Monday, July 20, 2009


What strikes us about this figure from Chartres Cathedral, carved sometime around 1145, is its extraordinary expression of regality, its queenliness, its sense of peacefulness, its quiet power of dignity and belief. She holds the canon of hope in her hands and offers us the most human face on the central portal.

In essence, she points the way in, through the door, to the maze, to the mysteries of a belief that demands understanding, not only of stone, but also of the human implication expressed in this stone. She has withstood not only the weather, but the vagaries of history. She was spared the worst carnage of the French Revolution and all the other iconoclastic terrors of the centuries after it. That may be a result of accident, or possibly a result of respect and of hope.

Carved in stone, the queen is a simulacrum of flesh.

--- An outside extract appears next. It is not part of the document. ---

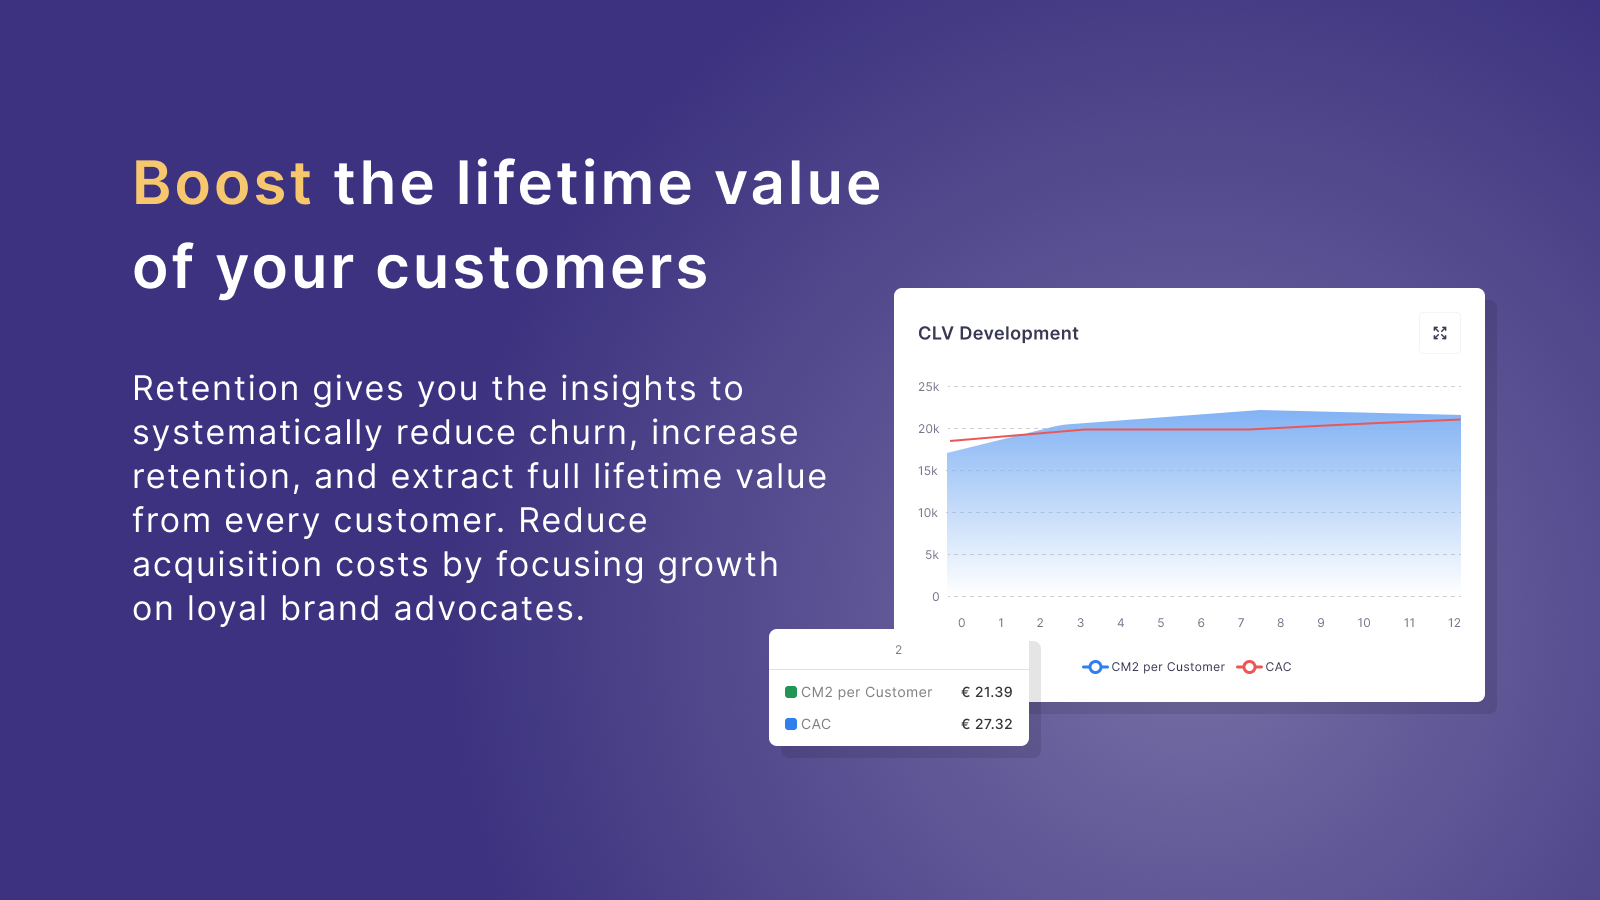 Klar - Boost the lifetime value of your customers
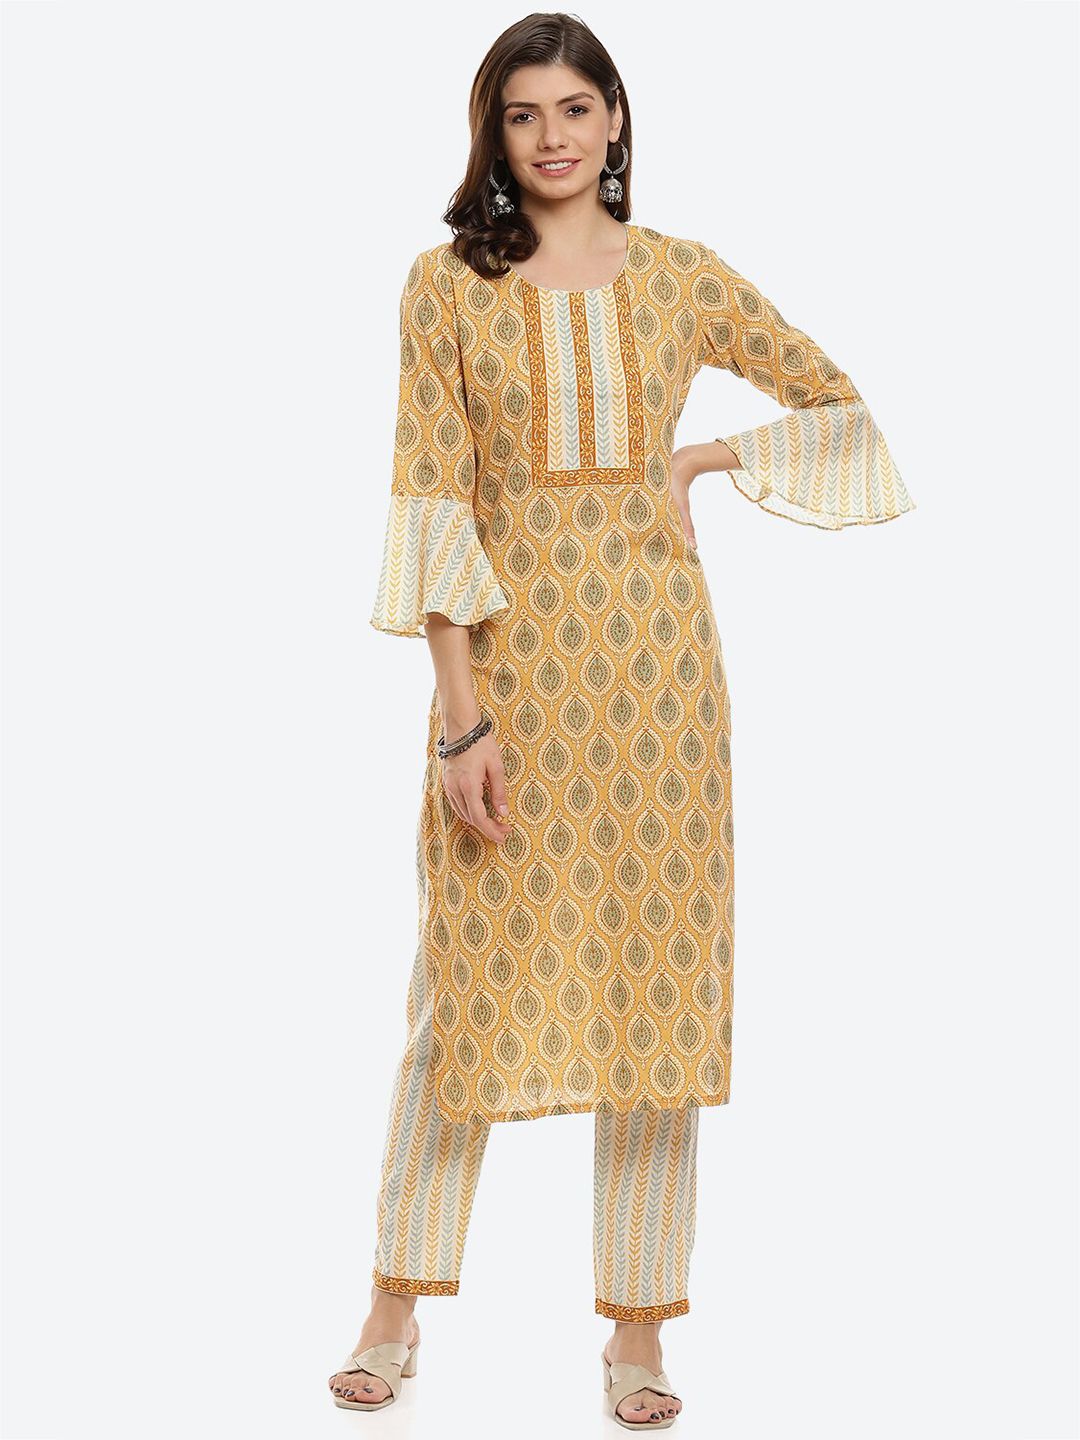 Biba Yellow & Cream-Coloured Printed Pure Cotton Unstitched Dress Material Price in India

She represents a spiritual presence and a spiritual future. Yet, because She is stone and formed in lifelike three dimensions, she points to a future that includes the three dimensions of flesh. Resurrection, a key belief of the Christian faith, has depended on the rising of the body from the grave, and thus a persistence of the flesh in the afterlife.

The stoniness of the queen tells us there is hope after death. But it also tells us that such hope is essentially meaningless if it means only that the spirit endures. It is essential that the flesh endures, or else our consciousness would perish with the flesh. The most powerful statement the sculptor could make is to render this figure to seem lifelike enough to convince us she is not only a symbol, but a fact. Fact and belief cohere to produce hope.